2. Stop looking to others for approval or disapproval

That person over there probably wasn't judging you. They may even have been checking you out. And if they were judging you, they’re probably just insecure themselves.

Bottom line: stop judging yourself and get on with your life.

3. Recognize that numbers are deeply limiting

Don’t let yourself be defined by your size or weight. We’re so much more than a set of numbers, every last one of us. How you feel, for example, is more important than how you appear—and the latter is deeply subjective, of course.

Fact: health has never been determined by size, symmetry, or flawless skin. Focus on feeling good and the rest will follow.

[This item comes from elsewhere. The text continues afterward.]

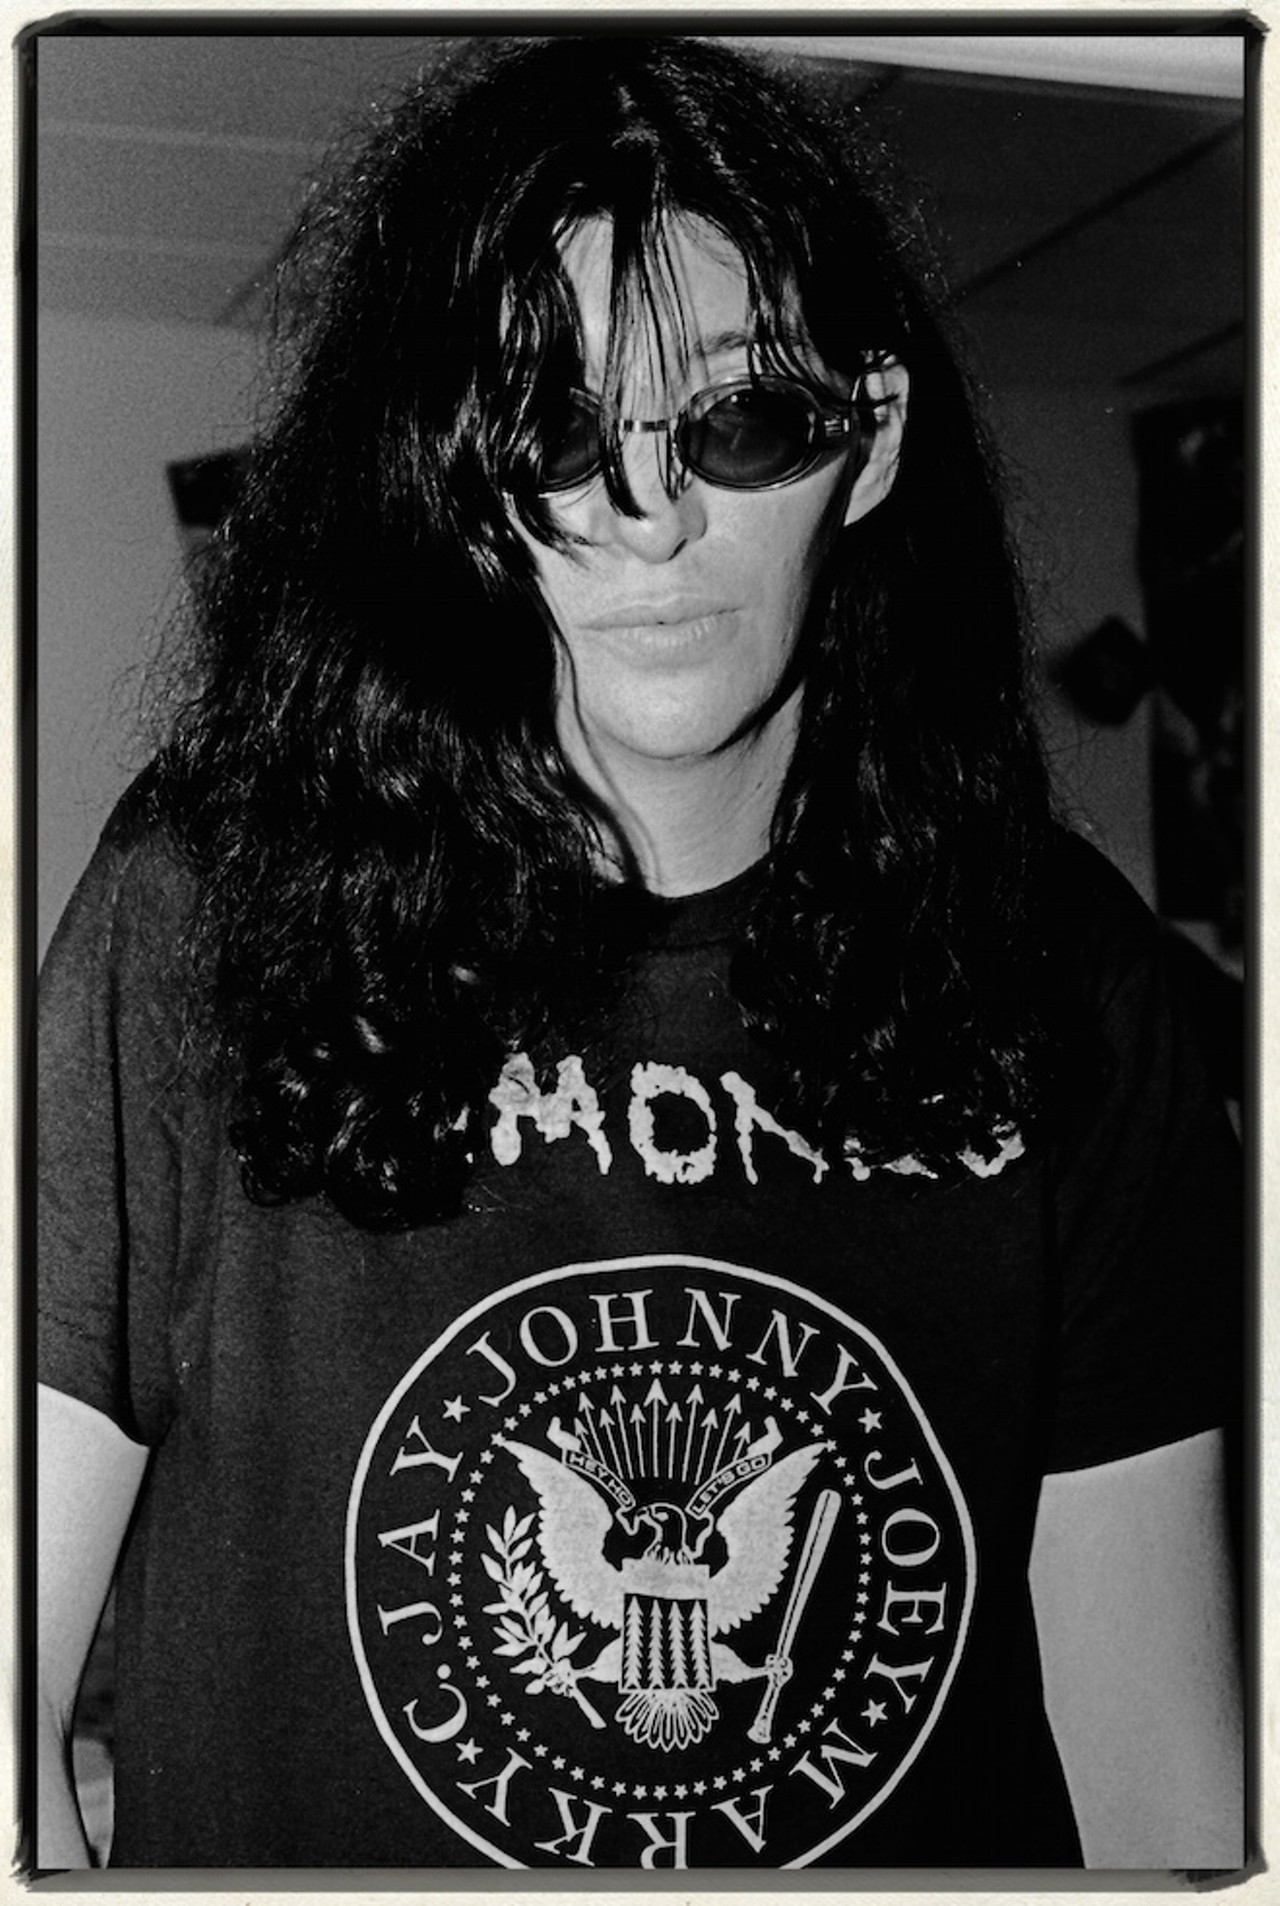 Joey Ramone at Murmur Records (1990)

4. Don’t body-shame yourself— or others

Group friendships can sometimes bring out the worst in us: if your friends are constantly  trashing their own looks, yours, or that of others—even subtly, chances are you’re participating in this behavior too. Might be time to reassess who you share time with. And stop buying into comparisons—they breed self-loathing, and are deeply reductive, since we’re all uniquely complex.

5. Nourish yourself

Loving yourself as you are means your time is better spent cultivating healthy body and mind habits than trying to fit into a deeply mainstream (and often very uninteresting) notion of what attractive looks like. Stop approaching caring for your body as a chore.

As a general rule: get enough sleep, stay hydrated, and eat nutritious food. Diet should be about what’s right for you, not someone else. Stay away from anything that leaves you feeling gross, unsatisfied, or sick, and you should be good to go.